E’ morto suicida John McAfee, il celebre inventore dell’omonimo antivirus. E’ stato trovato senza vita nella sua cella del carcere di Barcellona dove era rinchiuso da mesi. John McAfee era stato arrestato con l’accusa di evasione fiscale, e recentemente era stato dato il via libera alla sua estradizione negli Stati Uniti. Una situazione che evidentemente lo stesso inventore di uno degli antivirus più famosi al mondo temeva come non mai, e non ha retto il peso suicidandosi. Il 75enne era stato fermato all’aeroporto di Barcellona ad ottobre 2020 e all’udienza di estradizione aveva spiegato chiaramente che le accuse nei suoi confronti erano motivate politicamente.

Il geniale inventore avrebbe potuto presentare ancora ricorso contro la decisione dell’estrazione, come ricorda Repubblica, ma evidentemente non aveva più voglia di combattere o forse, aveva semplicemente perso le speranze. McAfee si considerava un perseguitato visto che, stando allo stesso, i suoi problemi fiscali erano cominciati con l’offerta, rifiutata, di candidarsi alle presidenziali degli Stati Uniti dello scorso 2020, vinte da John Biden.

JOHN MCAFEE E IL TWEET DEL “PRESAGIO”

E proprio con la morte dell’eccentrico personaggio, è tornato a circolare, divenendo virale in queste ore, un vecchio tweet dello stesso inventore dell’antivirus, in cui scriveva “Sono contento qui dentro. Ho degli amici. Il cibo è buono. Tutto va bene. Sappiate che se mi impicco alla Epstein non sarà stata colpa mia“. Il cinguettio era stato scritto il 15 ottobre 2020, poco dopo l’arresto, e riletto ora suona decisamente inquietante.

Le autorità sono comunque convinte che il 75enne manager americano si sia tolto la vita “tutto indica che potrebbe trattarsi di un suicidio”, anche se ovviamente il tweet appena letto getta un alone di mistero sulla vicenda.
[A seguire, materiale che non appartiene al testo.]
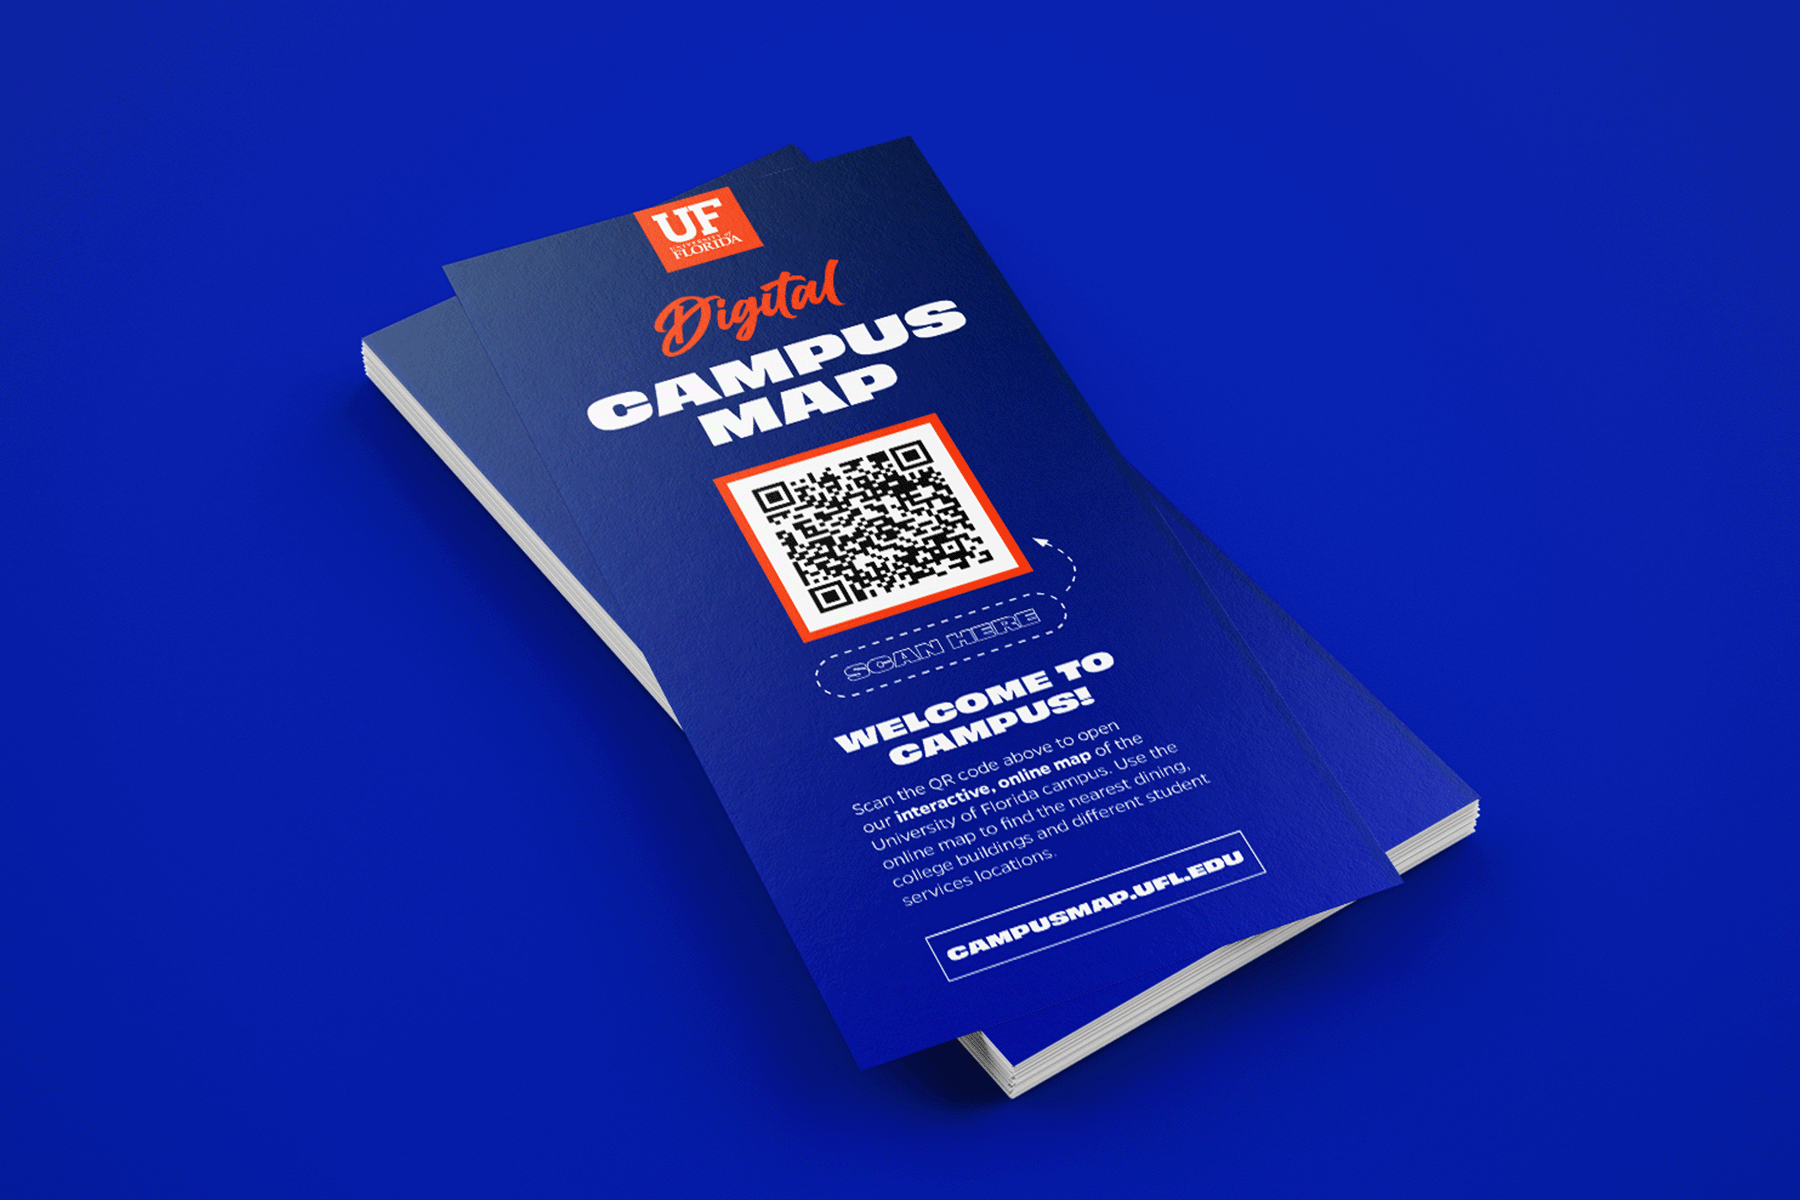 A handout campus map flyer with a QR code on the front and instructions on how to use the QR code.

McFee aveva scelto di fissare in alto fra i tweet anche una pubblicato lo scorso 16 giugno, in cui ribadiva la sua innocenza: “Gli Stati Uniti credono che io abbia nascosto le criptovalute. Vorrei averlo fatto, ma si sono dissolte in molte mani del Team McAfee, mentre le mie risorse rimanenti sono tutte sequestrate. I miei amici sono evaporati per paura di essere associati a me. Non ho niente. Eppure, non rimpiango nulla”.